Two stages of Shuffle and Sort carry out simultaneously; The output of map is also be retrieved while merged.

Reduce is in this stage, and framework is each <key in the input data of having divided into groups, and (list of values) > is to calling a reduce method.The output of Reduce task is normally by calling OutputCollector.collect writing in files system.

Claims

1. a large data processing method, is characterized in that, specifically implements according to following steps:

Step 2, by creating data source by data importing to HDFS and Swift;

2. the large data processing method of one according to claim 1, is characterized in that, described step 1 is specifically implemented according to following steps:

3. the large data processing method of one according to claim 1, is characterized in that, in step 2, data source comprises HDFS data source and Swift data source.

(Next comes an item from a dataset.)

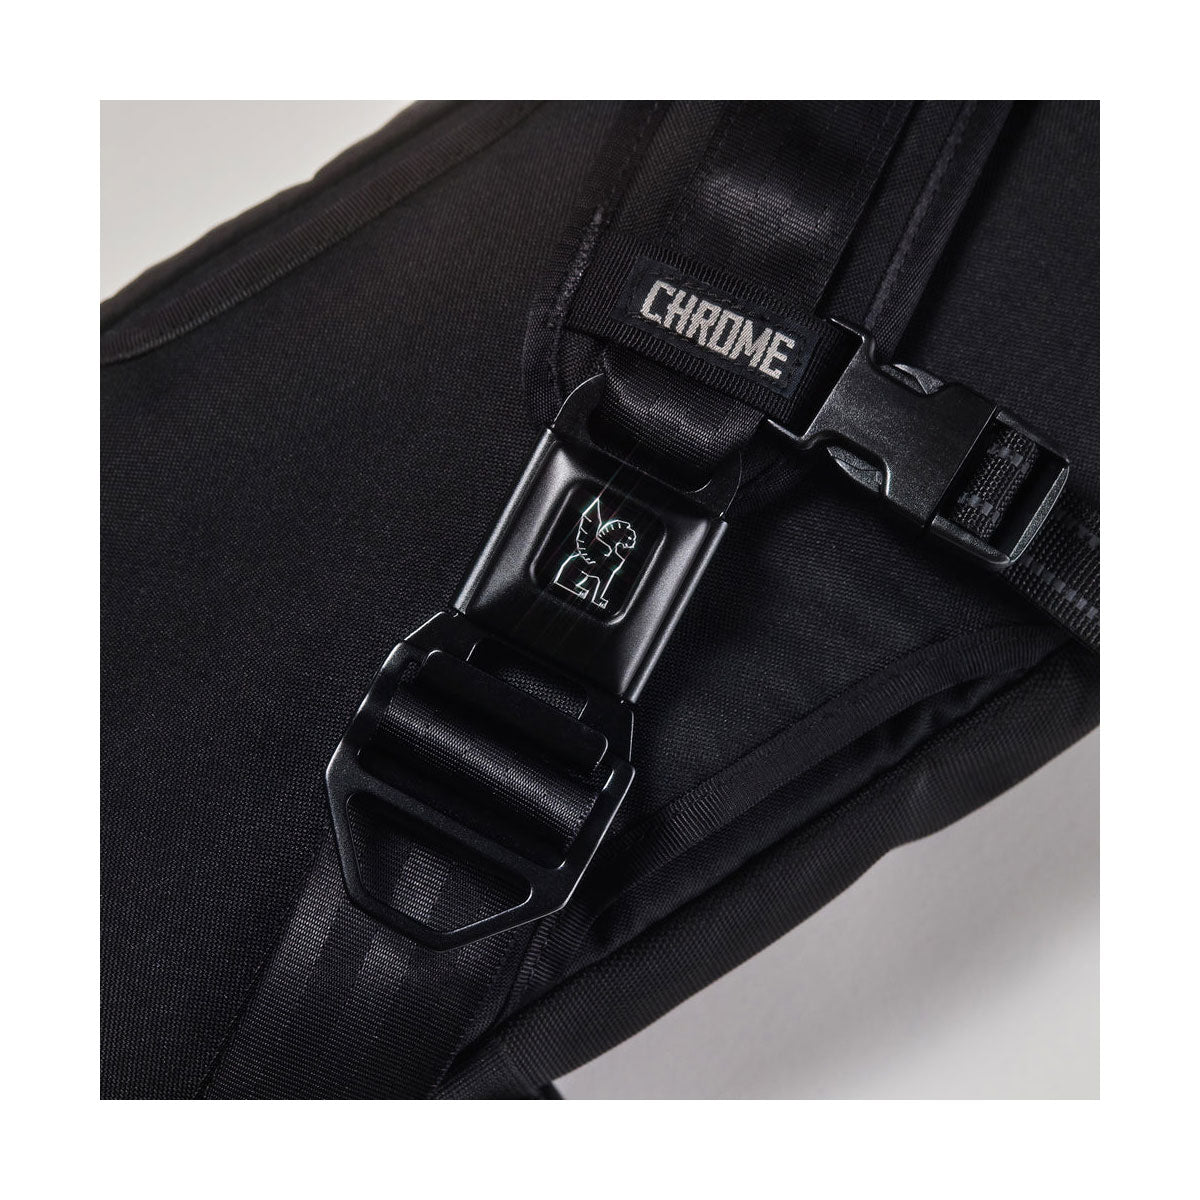 Chrome Industries: Seatbelt Buckle LG (2") : Black

4. the large data processing method of one according to claim 1, is characterized in that, in described step 3, user carries out process to data and comprises user interface process method and order line processing method,

Described user interface process method refers to carries out man-machine interaction by user interface, creates Job Binaries and Job, and performs operation, check execution result by web page;

Described order line processing method refers to that user is under Command Line Interface, is submitted to and is performed operation, checked by the output file under the specified path of Output rusults by order.

5. the large data processing method of the one according to Claims 1-4 any one, is characterized in that, in step 3, user adopts the Map-Reduce framework of Hadoop to process data.